I guess I am skeptical that a "star" rating could ever be meaningful for Github projects. Frankly, the whole thing seems like a bust regardless if you have a thousand reviews; what kind of meaningful information could you get from a thousand reviews all talking about different versions, different use cases, different kinds of "quality"?

However, for the majority of long tail projects that might have a couple pages worth of reviews, it would be useful feedback, and the project owner could address each review individually with ease.


It may make sense to provide much more weight to the latest N reviews, and a lot less to older, but still to add them into the mix. So your past will weight as well but you can correct your problems and get a better average review.


I like this idea. Software changes over time, so I always have to double-check the date when reading other people's reviews. Especially if the software is developed at a very fast rate, such as Redis.

Another option would be to provide a history of average star ratings, similar to the 52-week activity graph. Then people would be able to see, for example, that most reviews have turned positive since the v2.5 release, etc. Tie reviews to versions and/or commits, and allow people to post another review after X weeks, so that the same person can post different reviews of different versions of the same program.


There could also be something like a time-to-live for a review; say after half a year the mark disappears and you can/should rate the project anew at based on current state.


I like this idea. I've often found projects that are useful or interesting, and clicking a "Follow" button doesn't seem like a fitting action. Ratings would let the community reward good developers and let the not-so-good developers know what they're doing wrong.

To give more "weight" to the system, GitHub users could have their average project ratings displayed on their profiles, and rankings / leaderboards could be generated. Users could receive badges, maybe: "Documenter of the Month — March 2011", etc.
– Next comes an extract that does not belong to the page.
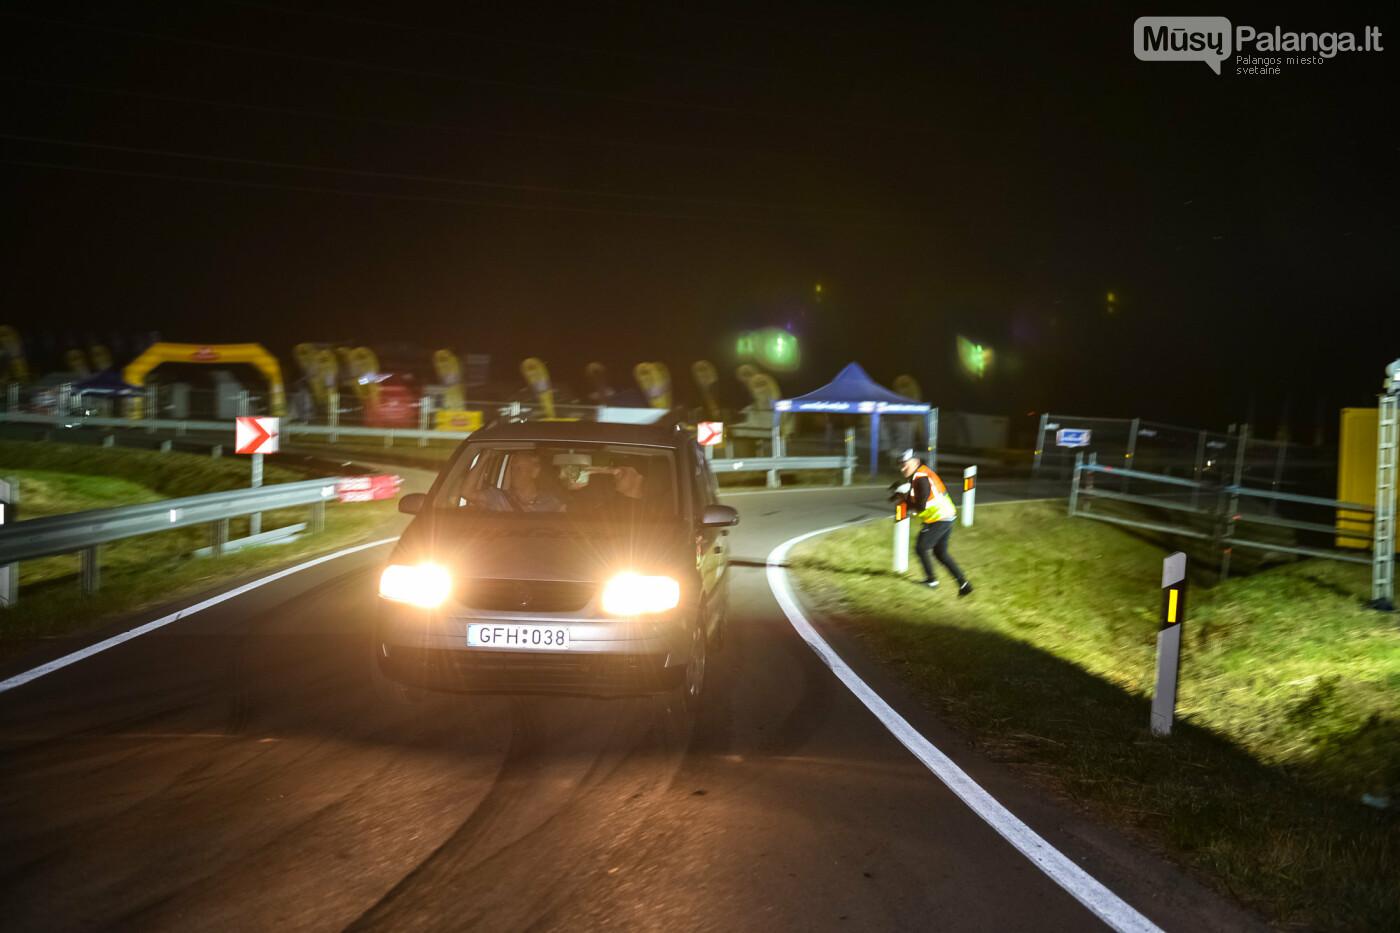 Palangoje pasiektas naujas rekordas: automobilis be alyvos važiavo 2,5 valandos, nuotrauka-1

One-to-five rating systems have many problems--gaming, relevance decay, shifting the economic incentive to focus on getting the rating/karma up which may or may not have a correlation to creating value. The only star rating system that I've seen that's actually useful to a consumer is Amazon--but Amazon deals with finished, immutable works and products, not evolving, living software, where every single individual rating becomes stale with the next commit.
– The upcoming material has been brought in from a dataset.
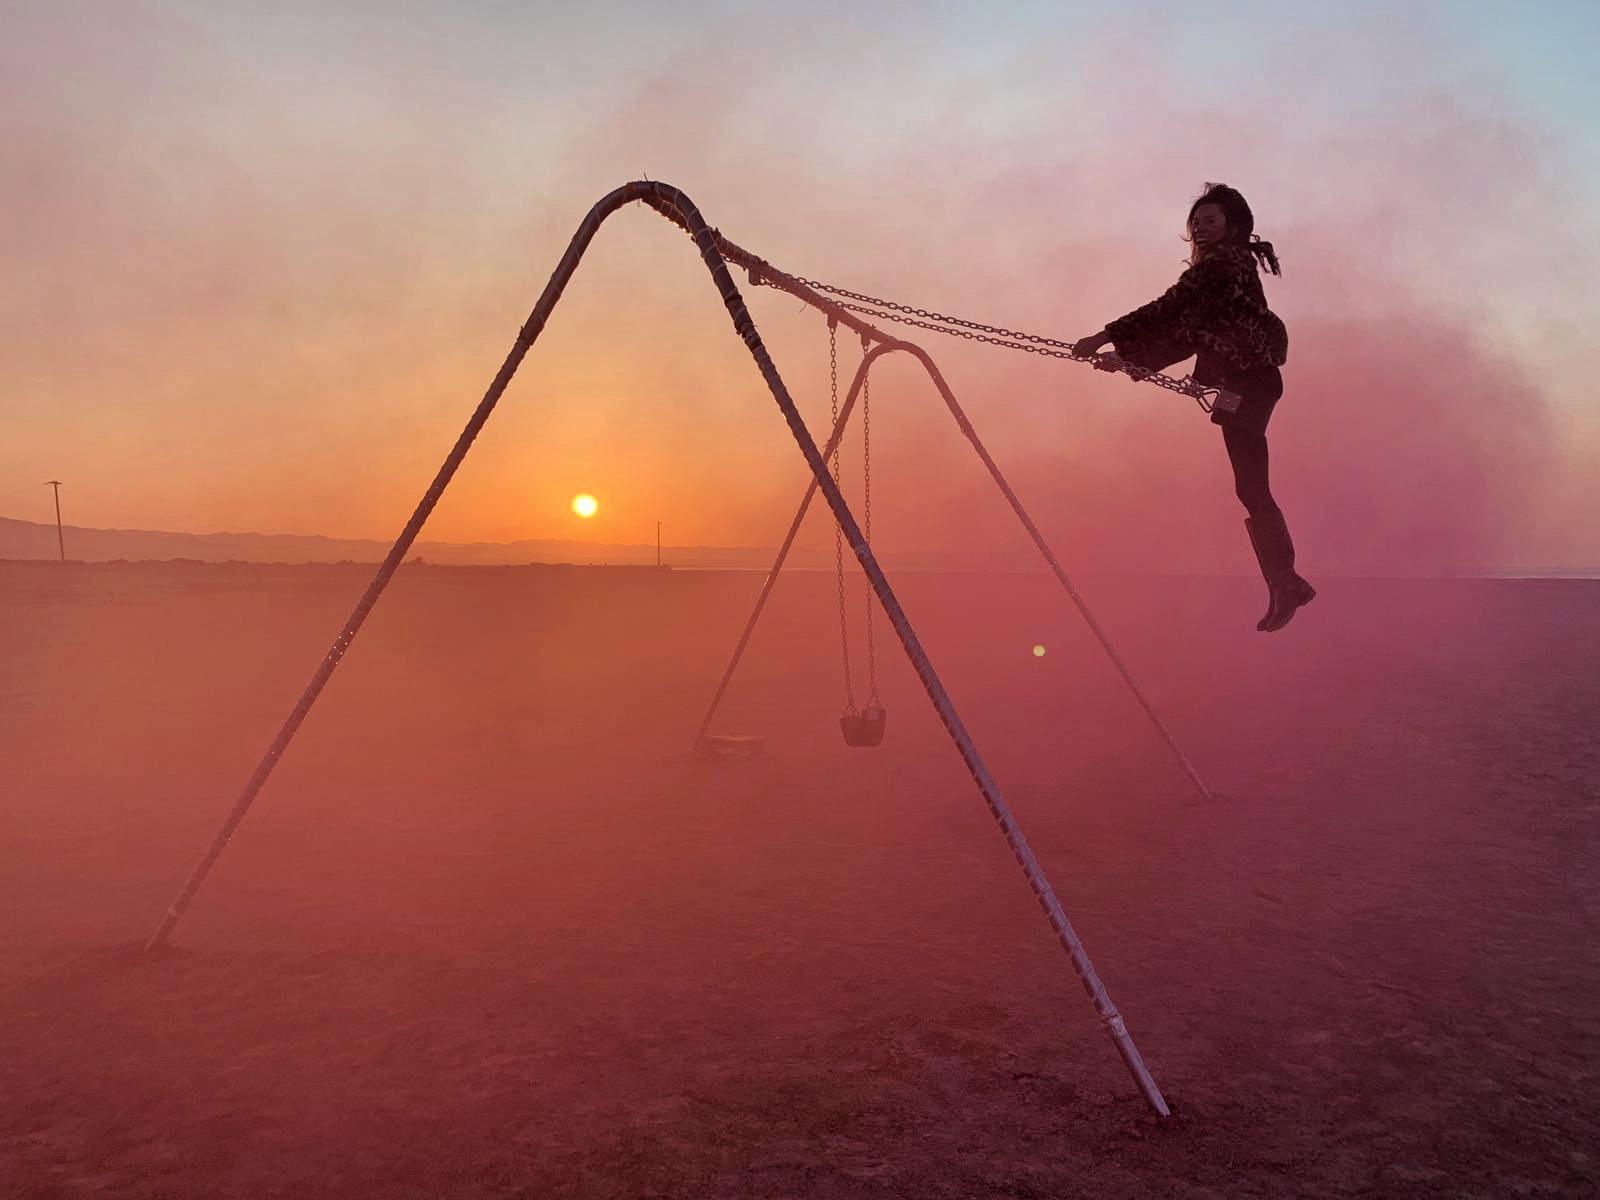 Swingers & Sliders Playground

To address what antirez needs--an at-a-glance, summary assessment of the quality of the project--github could provide a standard rating of a number of dimensions. Project followers, recentness of commits, forks, merge history, code analytics, presence of tests, volume and activity on documentation, etc. This is still subject to gaming, but here's how you fix that: allow each github user to express their own values/constants for the various measures, and allow you to assess any project based on what that user values: "What would antirez say about a project with no documentation, lots of downstream forks, great testing coverage?" Now you've introduced a trust metric, correlating values of people you trust with projects you might be interested in.

Think OKCupid meets GitHub, with bulk rating of projects rather than potential mates.


How about letting us 'un-watch' a project until a specified bug is resolved?


I think this makes a lot of sense, but it'd be a bit complicated to do it well.

One thing I'd want is the for the older votes to carry less weight. For example, if one of my projects gets voted way down due to lack of documentation, I'd want a documentation effort to be able to counter those votes that may come from people who don't come back to adjust them.


I wouldn't mind if there was a way for people to review my code. I might not need star ratings, but maybe a way for someone to make a case why doing something different or the same way would be a good idea. In terms of value I would see something more along the lines of something of more of a 'discussion'.

It's also interesting for people to be talking about testing on this thread. There might be some good points made but you might miss the point/concept that was posed in by the OP.


I'd rather that Ohloh implemented something like this.